▶ WHAT YOU HAVE TO DO: All pictures must be left out as you transcribe the lines from the first line of the data to the line containing "Total Weight: 6.82 grams", both included.

[Data entries]
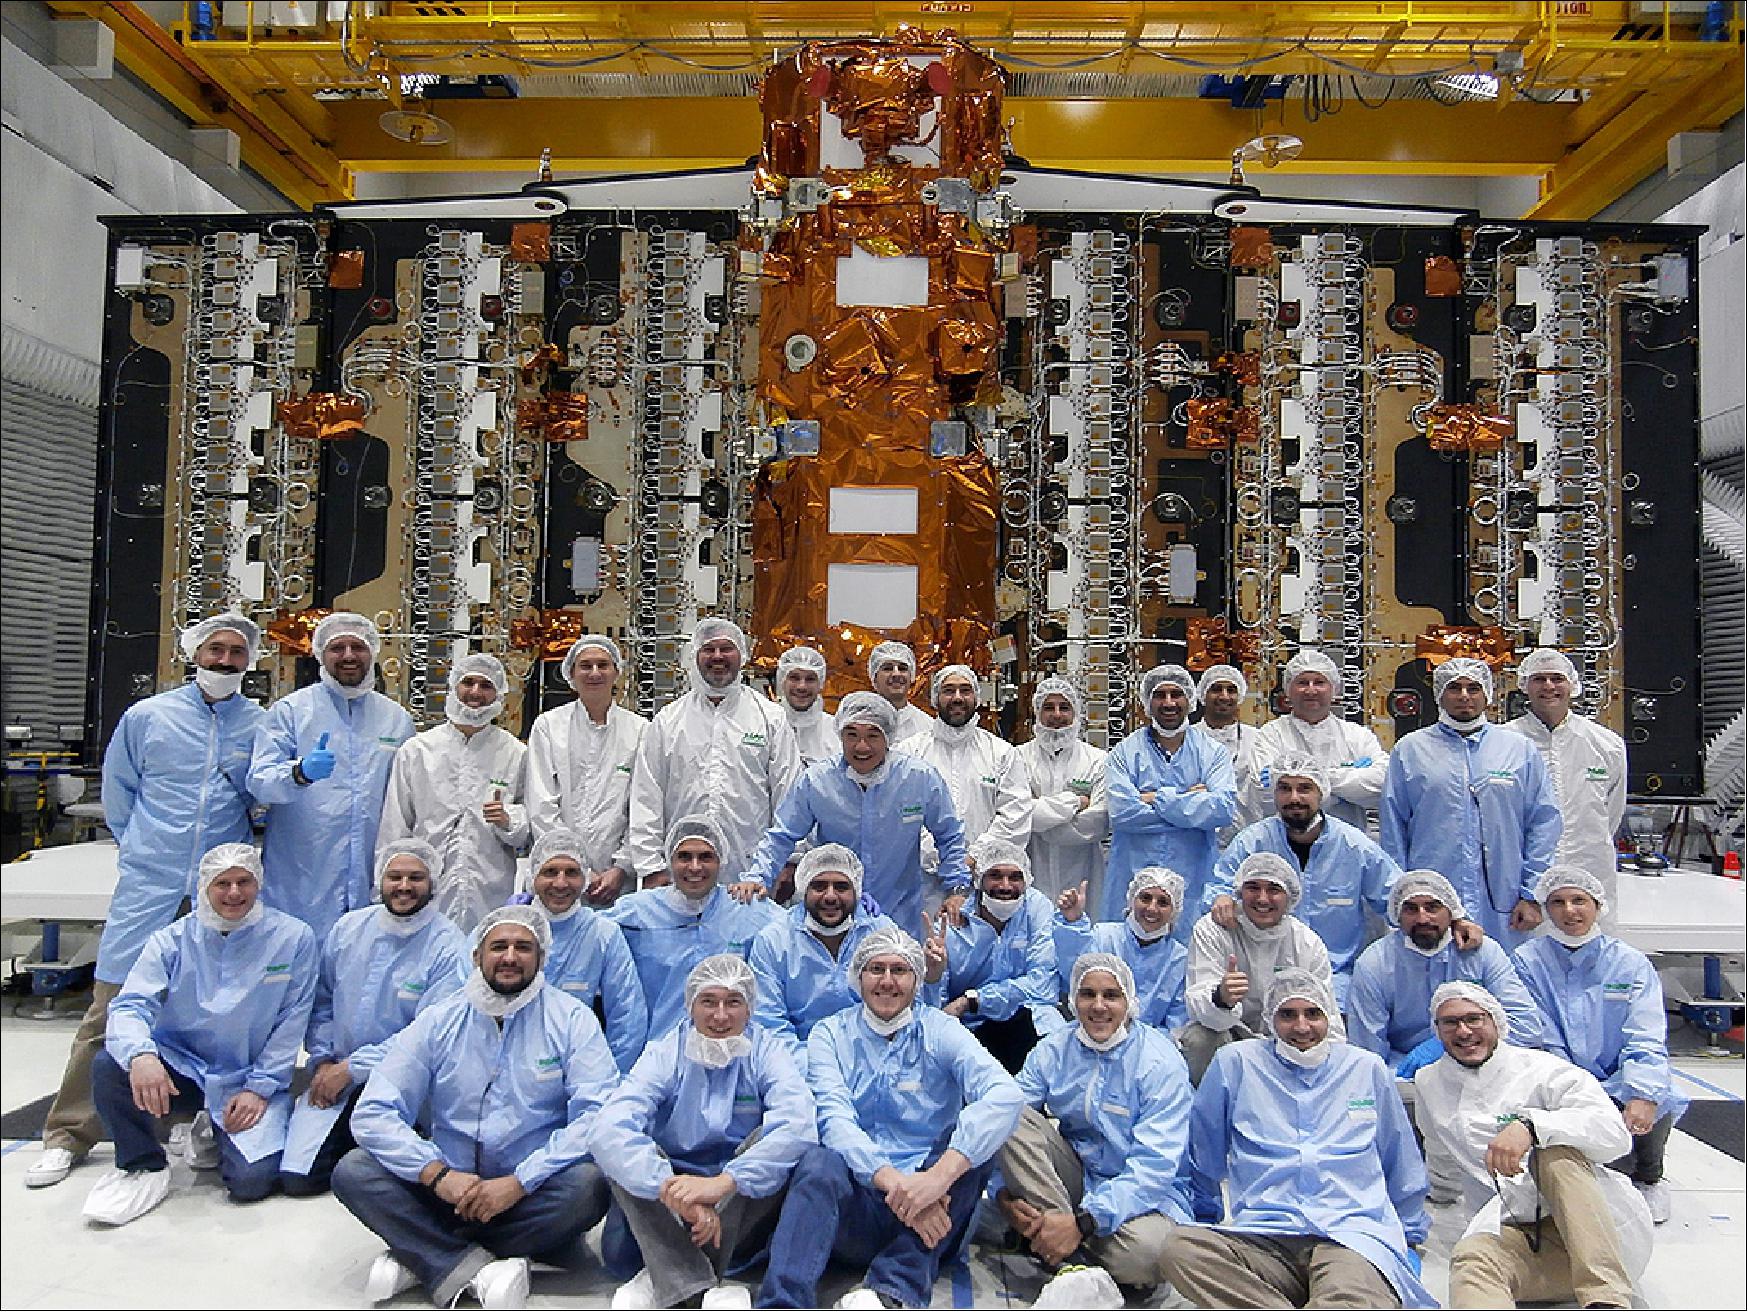 Figure 4: Photo of the SAOCOM-1A sapcecraft along with members of the integration teams (image credit: CONAE)
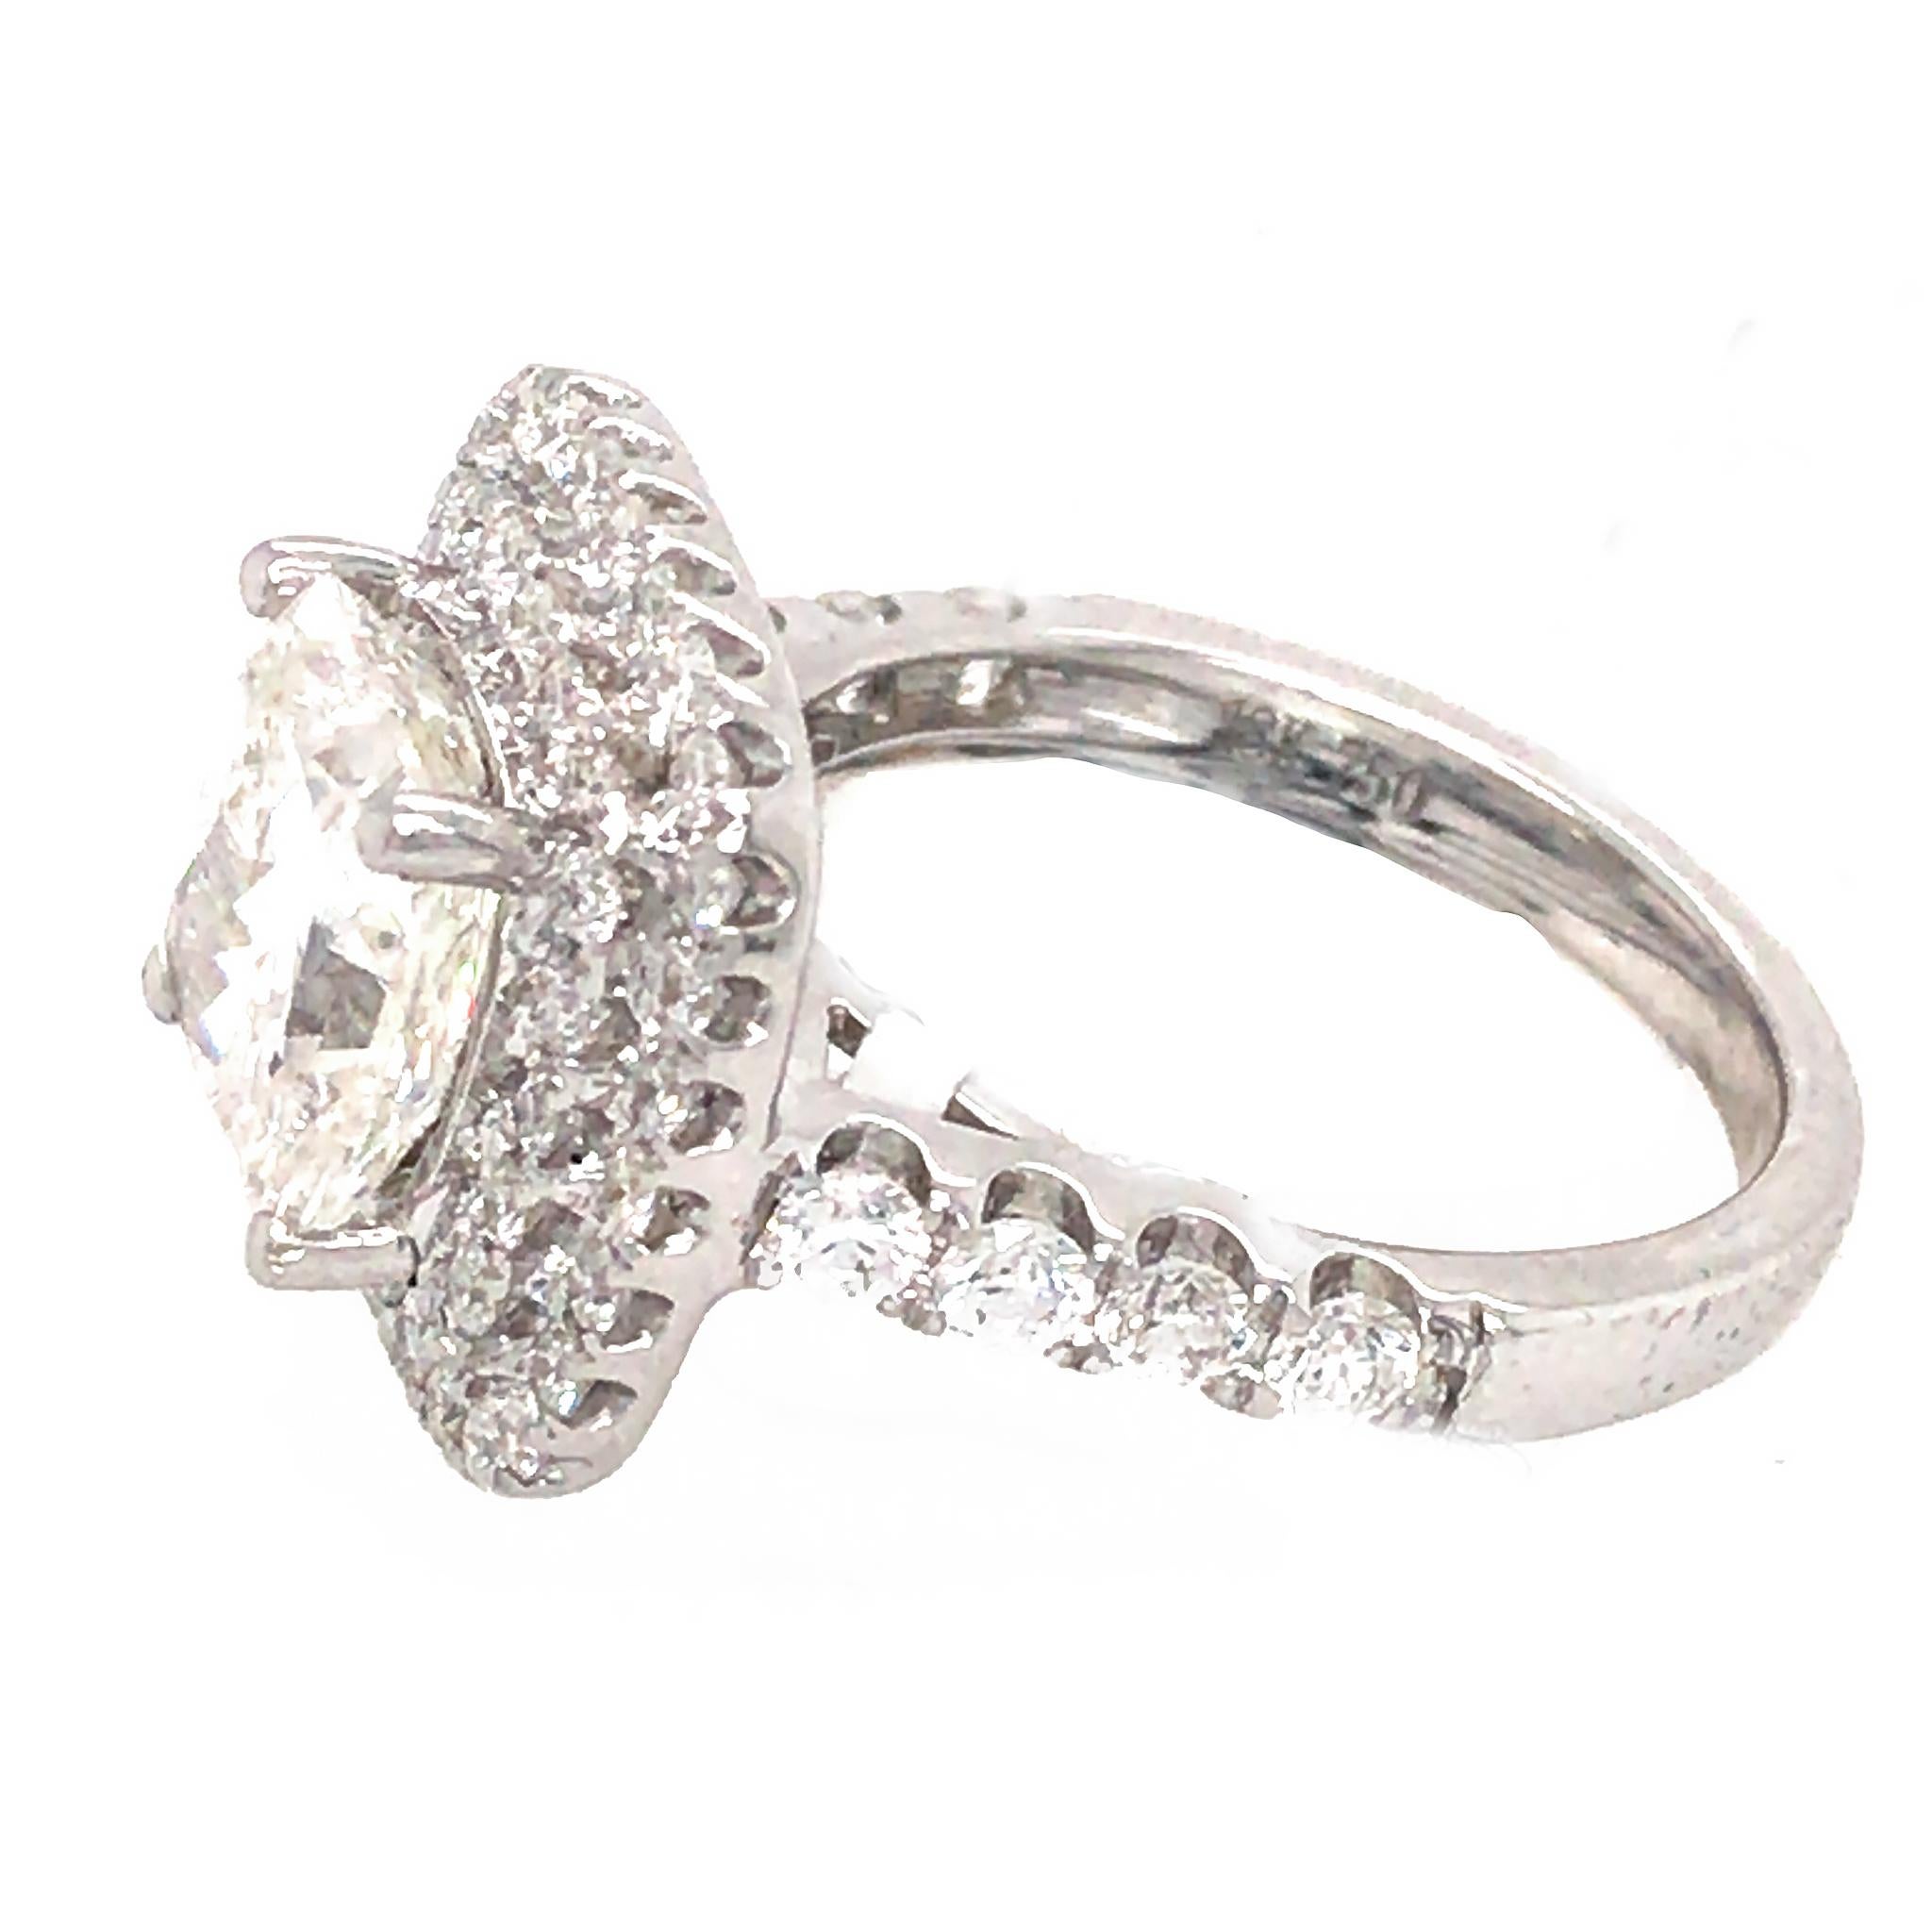 18k White Gold
Diamond:  3.04 ct (center) 
Color: H
Clarity: SI2
Ring Size: 5.75
Total Weight: 6.82 grams
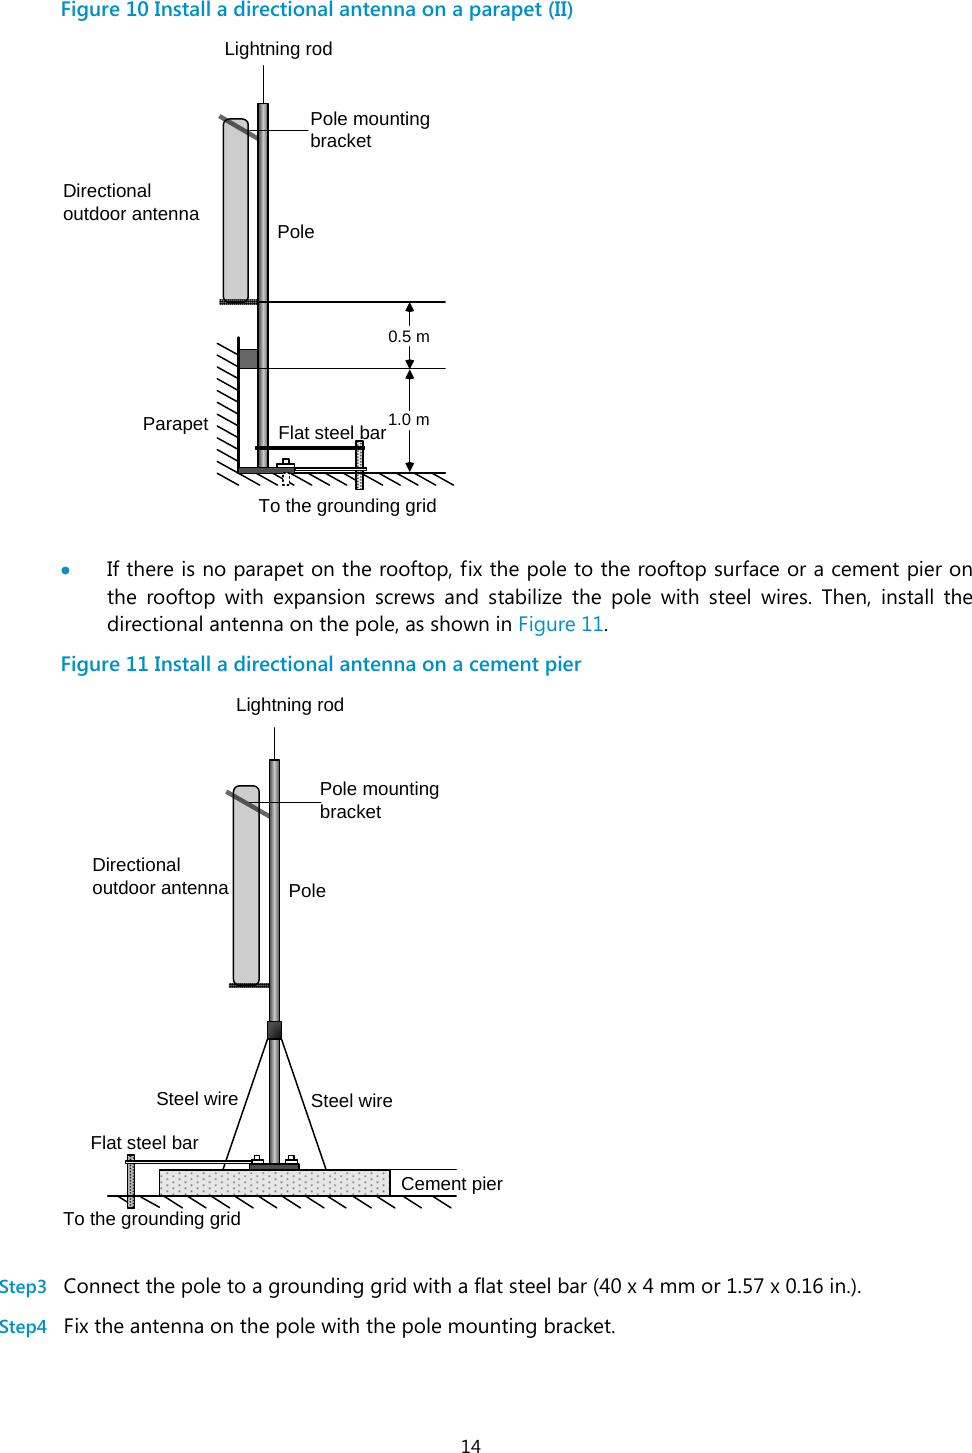  14 Figure 10 Install a directional antenna on a parapet (II) 0.5 m1.0 mLightning rodDirectional outdoor antenna PoleParapetPole mounting bracketFlat steel barTo the grounding grid    If there is no parapet on the rooftop, fix the pole to the rooftop surface or a cement pier on the rooftop with expansion screws and stabilize the pole with steel wires. Then, install the directional antenna on the pole, as shown in Figure 11. Figure 11 Install a directional antenna on a cement pier Cement pierSteel wirePoleDirectional outdoor antennaLightning rodPole mounting bracketFlat steel barTo the grounding gridSteel wire  Step3 Connect the pole to a grounding grid with a flat steel bar (40 x 4 mm or 1.57 x 0.16 in.).  Step4 Fix the antenna on the pole with the pole mounting bracket.

▶ OUTPUT FOR THIS TASK:
 Figure 4: Photo of the SAOCOM-1A sapcecraft along with members of the integration teams (image credit: CONAE)
 18k White Gold
Diamond:  3.04 ct (center) 
Color: H
Clarity: SI2
Ring Size: 5.75
Total Weight: 6.82 grams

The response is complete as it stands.